AI companies source data from a range of sources, including from themselves or their users. Information directly collected from users, or first-party data, can be especially useful for improving models because it captures real-world interactions and is continuously updating. For example, an AI product designed to detect elderly people falling benefits from such data to differentiate falling versus sitting in a chair. Large companies with lots of users have access to more interactions that help improve their models. In contrast, startups typically don’t have large user bases or multiple services generating continuous data streams. Data privacy rules and regulators also factor in here, with the Federal Trade Commission earlier this year warning AI companies against changing their terms to leverage user data for AI training.

Many companies large and small ingest data from the open web or from open data sources. Open data sources are freely accessible datasets that anyone can use, often maintained by public institutions, governments, or nonprofits. These sources provide essential resources for startups that lack extensive proprietary data. The non-profit Common Crawl, for instance, maintains a public web archive of over 9.5 petabytes of data, accessible to anyone–from small startups to big players such as Stable Diffusion, who use filtered versions of this data through another nonprofit organization, LAION.
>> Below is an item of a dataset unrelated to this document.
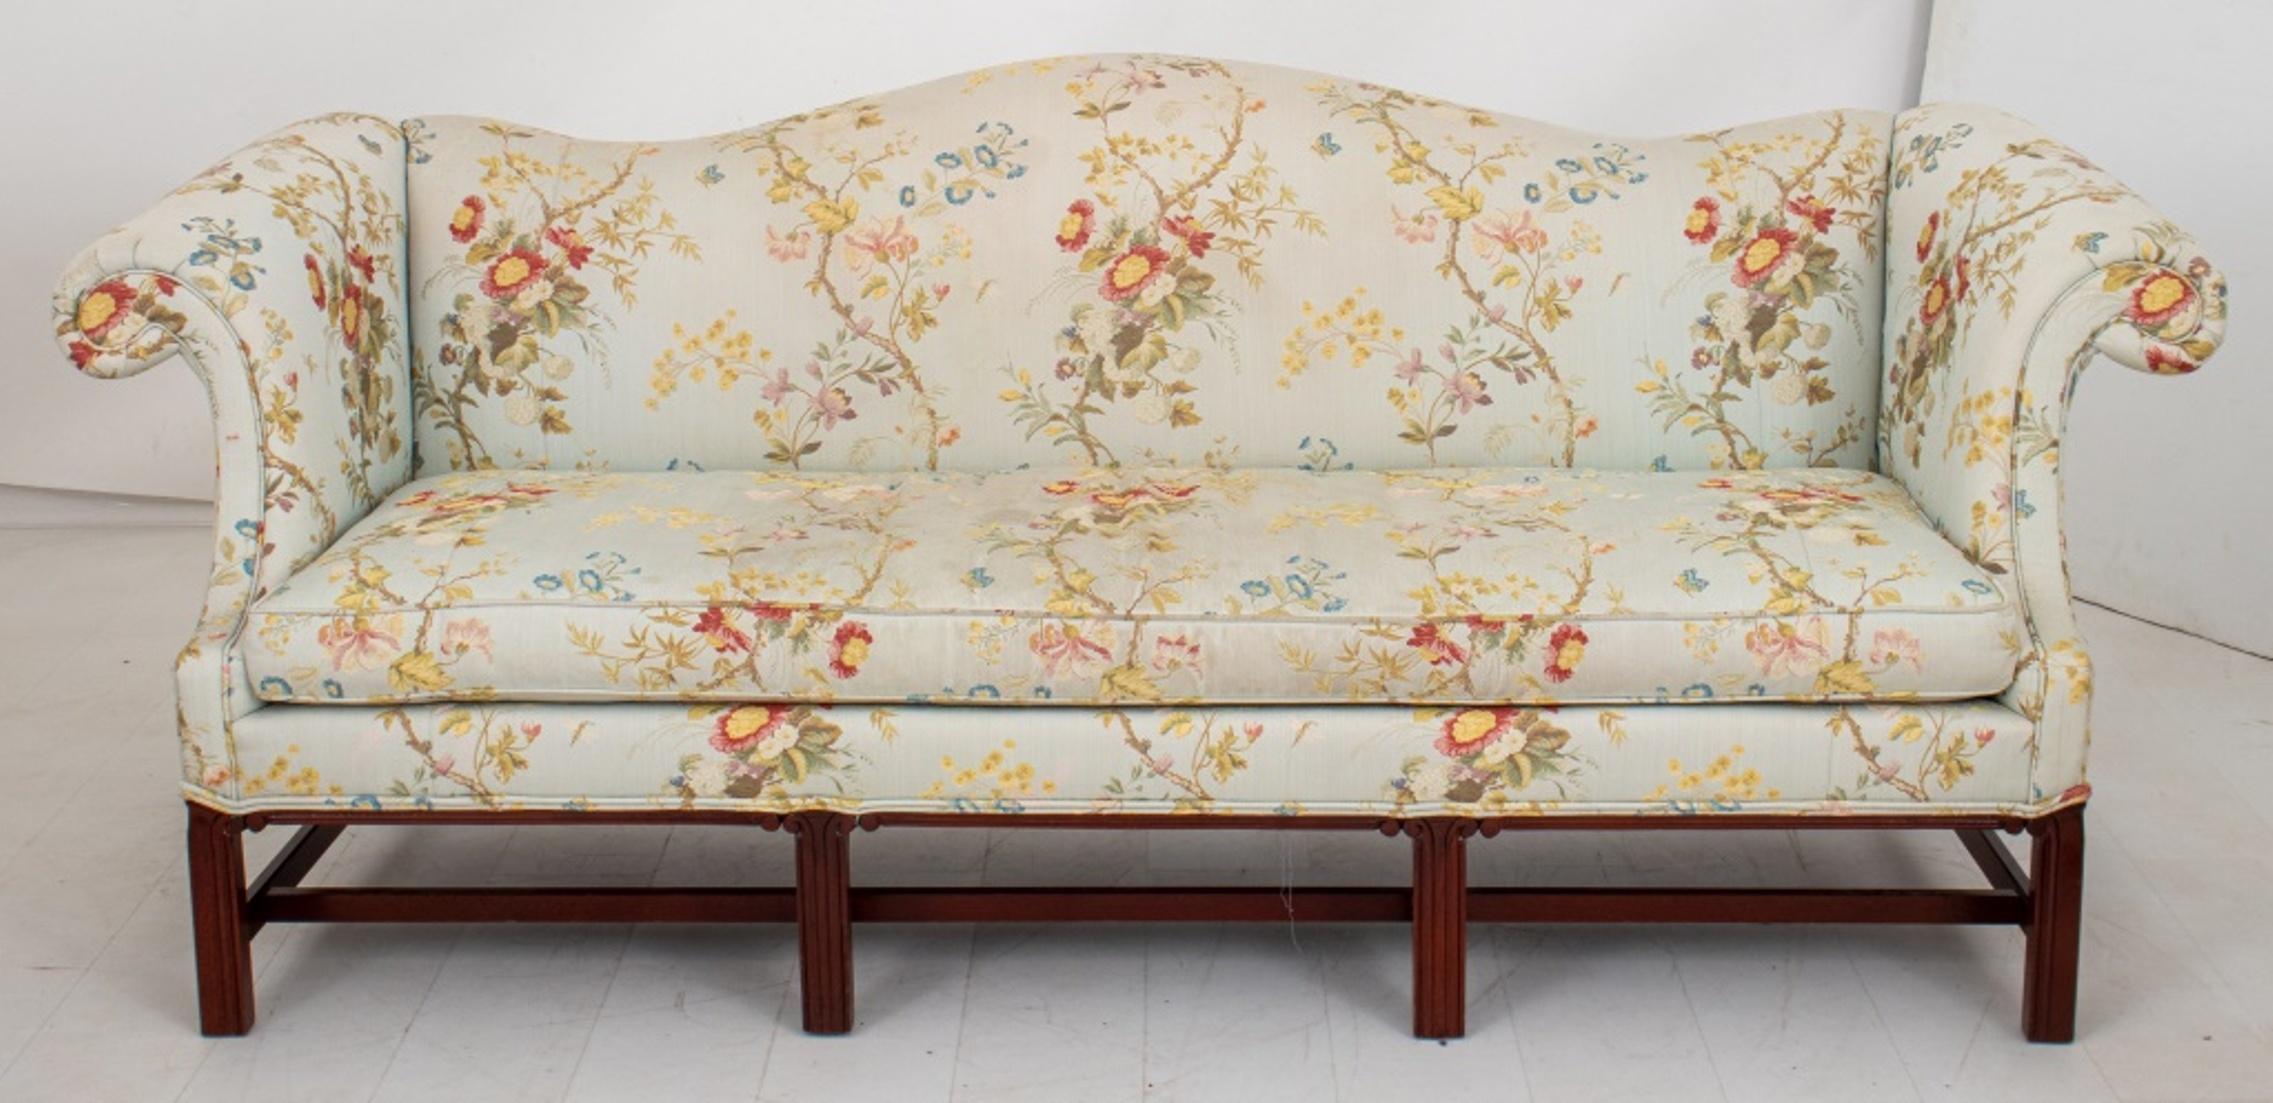 George III style camelback sofa upholstered allover in multicolored silk lampas, with arched back and scrolling arms above a drop in seat, on bracket legs conjoined by stretchers. 

Dimensions: 34

Original, expressive content — from everyday folks and the most well known organizations — is plentiful online and therefore throughout many datasets scraped from the public corpus. Large rightsholder organizations and well-known celebrities have alleged ingesting this data for training purposes amounts to copyright infringement, and filed lawsuits against the largest AI companies and startups alike. Some large companies have negotiated agreements to license data for AI from these entities in response. Those deals can run into many millions of dollars annually, beyond the budgets of startups, meaning startups might not be able to participate in AI innovation. Ingesting data — facts about the world — to learn is not an infringing practice, and policymakers will need to support this understanding if the AI ecosystem is to remain competitive. (Outputs on the other hand, can sometimes be infringing.)

Other types of data used for AI include custom datasets compiled to tailor the data to meet specific industry needs. For example, an autonomous vehicle company might collect video footage of different driving scenarios, then label objects like pedestrians, cars, and traffic signs in each frame. This purpose-built dataset ensures that the data aligns precisely with the company’s goals, but it requires significant time, resources, and infrastructure to organize and label at scale.

To aid where this real-world data is scarce, some companies may use synthetic data — artificially generated data that mirrors real-world patterns. Rather than collecting thousands of real-world images of rare driving scenarios, a company could simulate various traffic conditions, weather patterns, and road layouts and record that data. This approach can help expand the dataset quickly and provide diverse examples that might be challenging to capture in real life. However, recent research warns models may become overly tuned to synthetic patterns that do not align with real-world data, resulting in “model collapse” when training exclusively on synthetic data.

Policymakers — on issues from data privacy to intellectual property rights — have wide remit to impact the competitiveness of the AI ecosystem (or lack thereof), depending upon the actions they take when it comes to data and AI. They should seek a balanced and competitive landscape that ensures small startups with few resources can continue to innovate, grow, and compete.